== ASSIGNED TASK ==
From the line with "御笠川デンタルクリニック ヒカリのいい歯の日キャンペーン" to the line with "QPG6100 de Qorvo", retype each line exactly as it stands in the records below, but skip the pictures.

== DATASET ==
==================================================

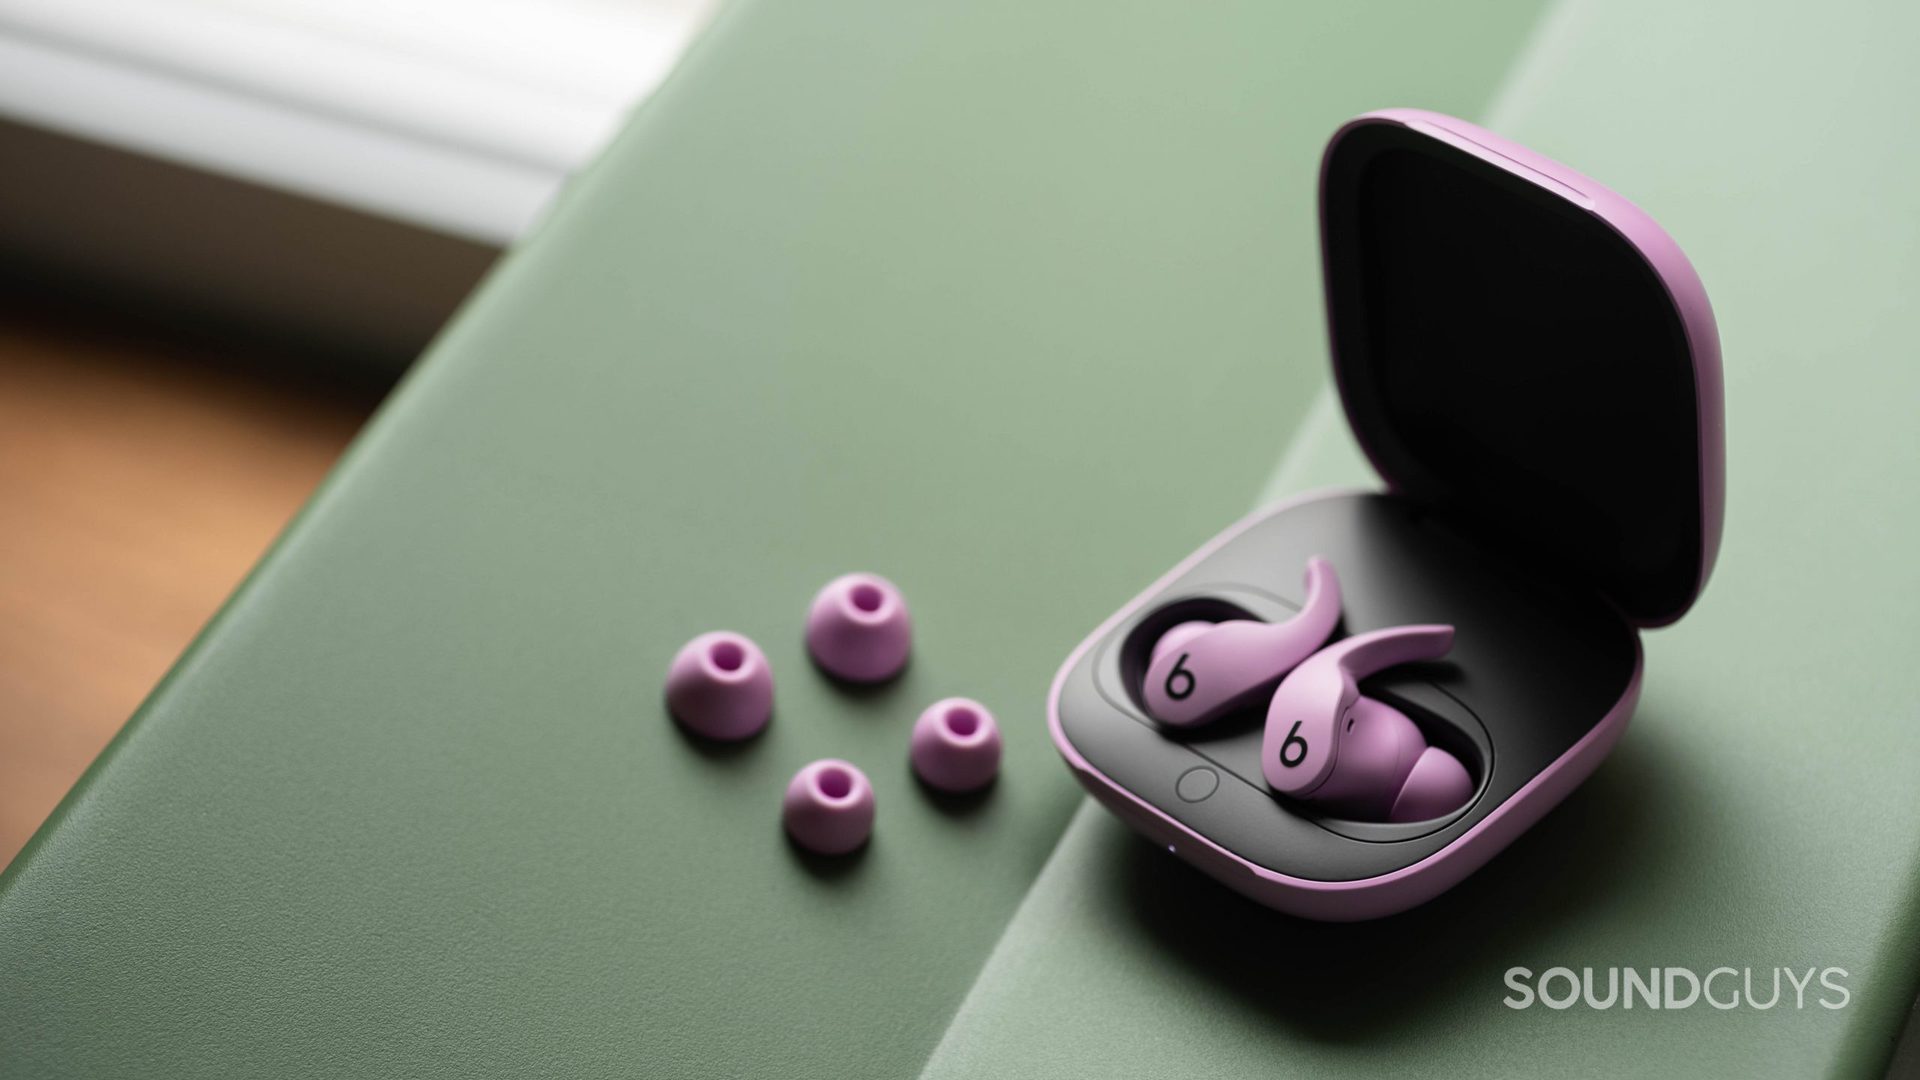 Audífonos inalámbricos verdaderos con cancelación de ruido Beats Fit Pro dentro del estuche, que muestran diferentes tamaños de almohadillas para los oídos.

==================================================

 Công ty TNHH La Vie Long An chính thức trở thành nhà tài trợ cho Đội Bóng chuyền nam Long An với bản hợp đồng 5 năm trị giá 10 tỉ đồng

==================================================

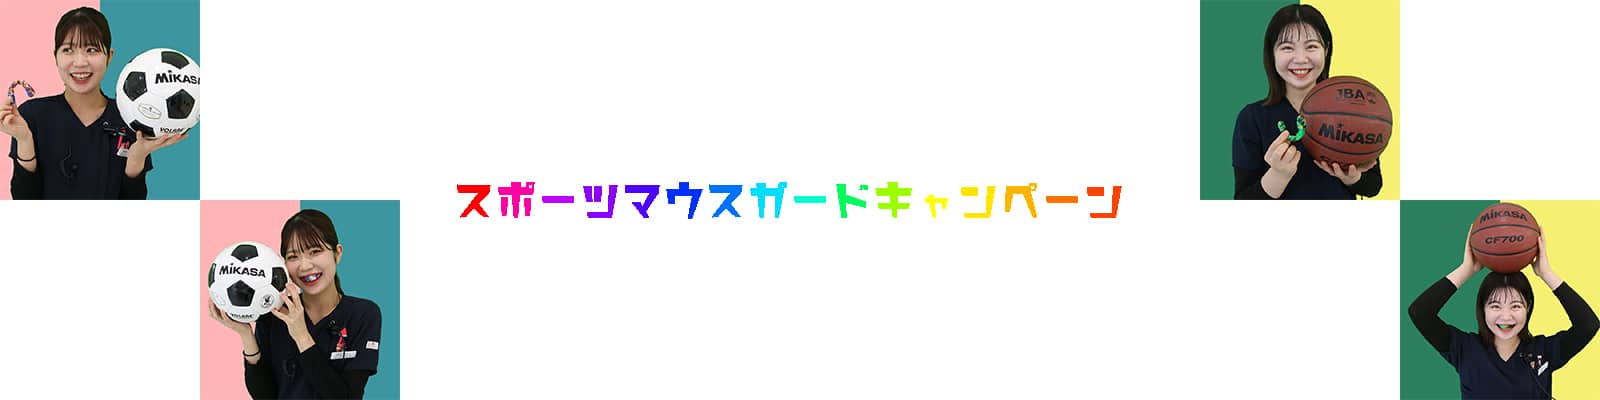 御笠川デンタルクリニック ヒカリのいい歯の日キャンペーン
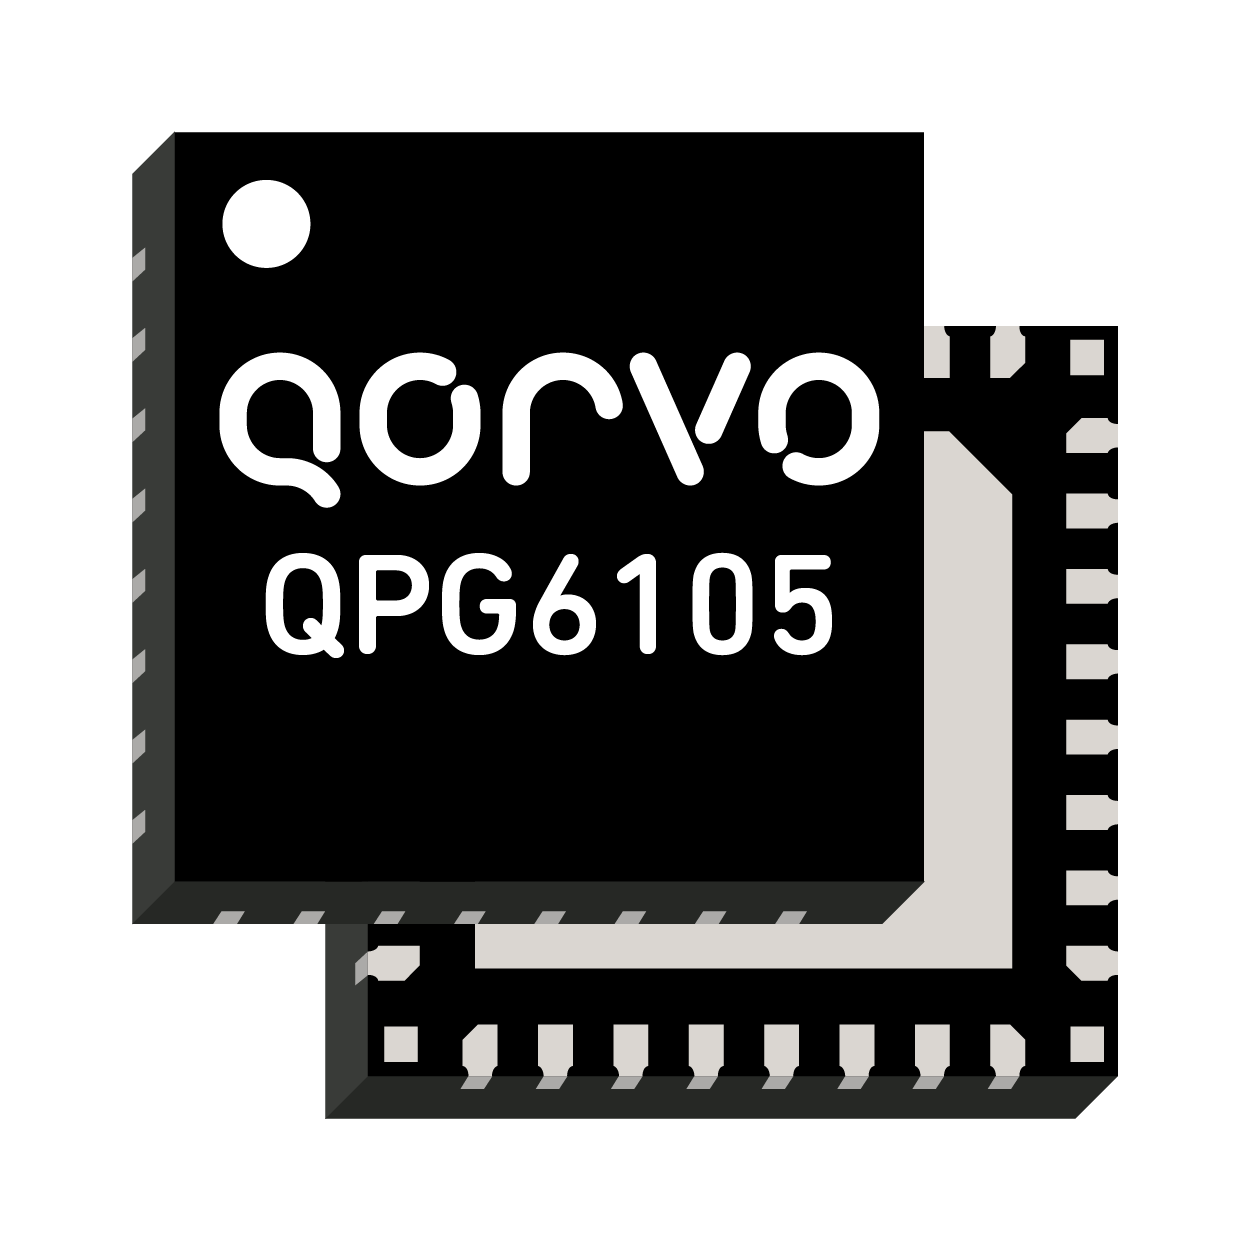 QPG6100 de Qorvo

==================================================

== EXERCISE RESULT ==
 御笠川デンタルクリニック ヒカリのいい歯の日キャンペーン
 QPG6100 de Qorvo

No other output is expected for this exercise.